Tomorrow is Independence Day in these United States.

But so was yesterday.

It was in the papers:

This day the Continental Congress declared the United Colonies Free and Independent States.

Pennsylvania Evening Post, July 2, 1776.

For it was two days before revising and accepting Thomas Jefferson’s Declaration of Independence that Congress officially declared its independence from King George III.

This Common Sense site has explained this quirk of history before. The Lee Resolution of July 2 declared that

  • the colonies should be “free and independent States”
  • they were “absolved from all allegiance to the British Crown” and that the connections should be “totally dissolved”
  • New “foreign Alliances” should be formed
  • And a “plan of confederation be prepared and transmitted to the respective Colonies for their consideration and approbation.”

Congress also commanded that a declaration be drawn up, and it was done quickly, accepted two days later.

The confederation document, on the other hand, took another year to work up, and four years beyond that to adopt.
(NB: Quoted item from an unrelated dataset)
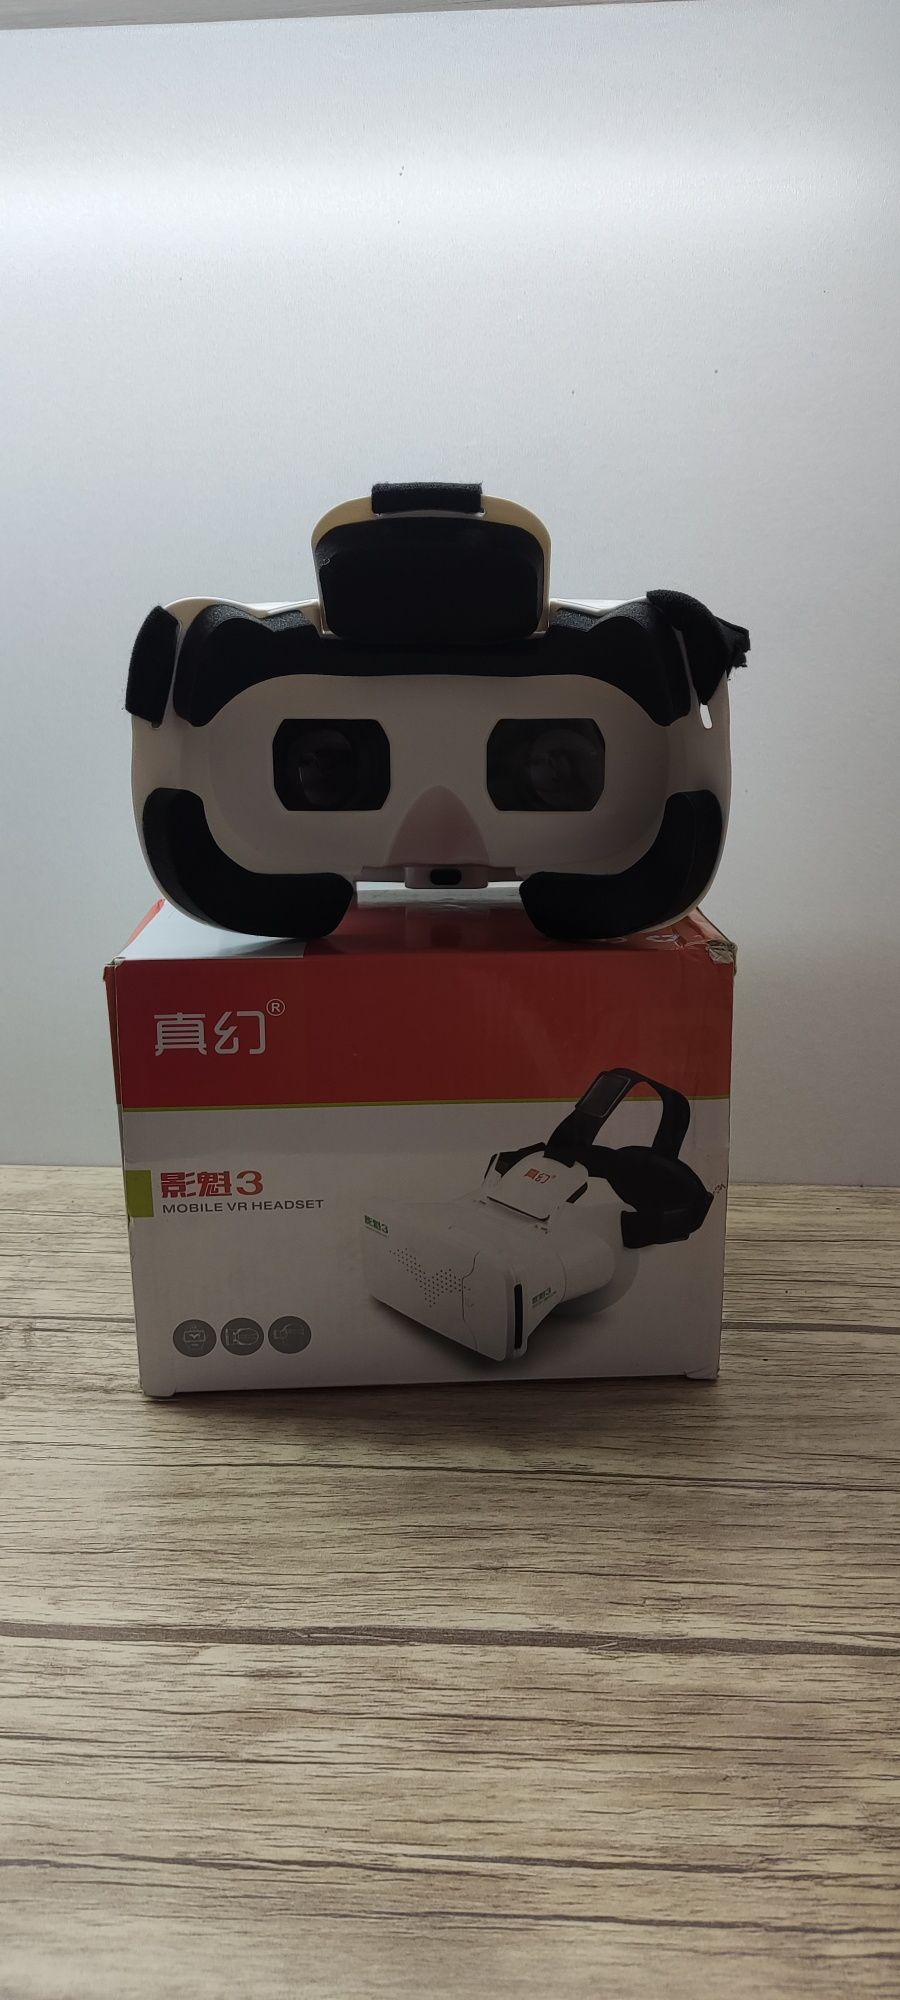 Продается очки виртуальной реальности VR BOX

John Adams, for all his faults as the Second President under the later U.S. Constitution, was a true friend of liberty and regarded the day as historic. “The second day of July, 1776,” he prophesied, writing to his wife on July 3, 1776,

will be the most memorable epoch in the history of America. I am apt to believe that it will be celebrated by succeeding generations as the great anniversary festival. It ought to be commemorated as the day of deliverance, by solemn acts of devotion to God Almighty. It ought to be solemnized with pomp and parade, with shows, games, sports, guns, bells, bonfires, and illuminations, from one end of this continent to the other, from this time forward forever more.

He was off by two days. It was the Fourth that would be celebrated.

Fifty years later he was off by much less: he died on July 4, 1826, uttering “Thomas — Jefferson — still surv —”

Jefferson had died a few hours earlier.

This is Common Sense. I’m Paul Jacob.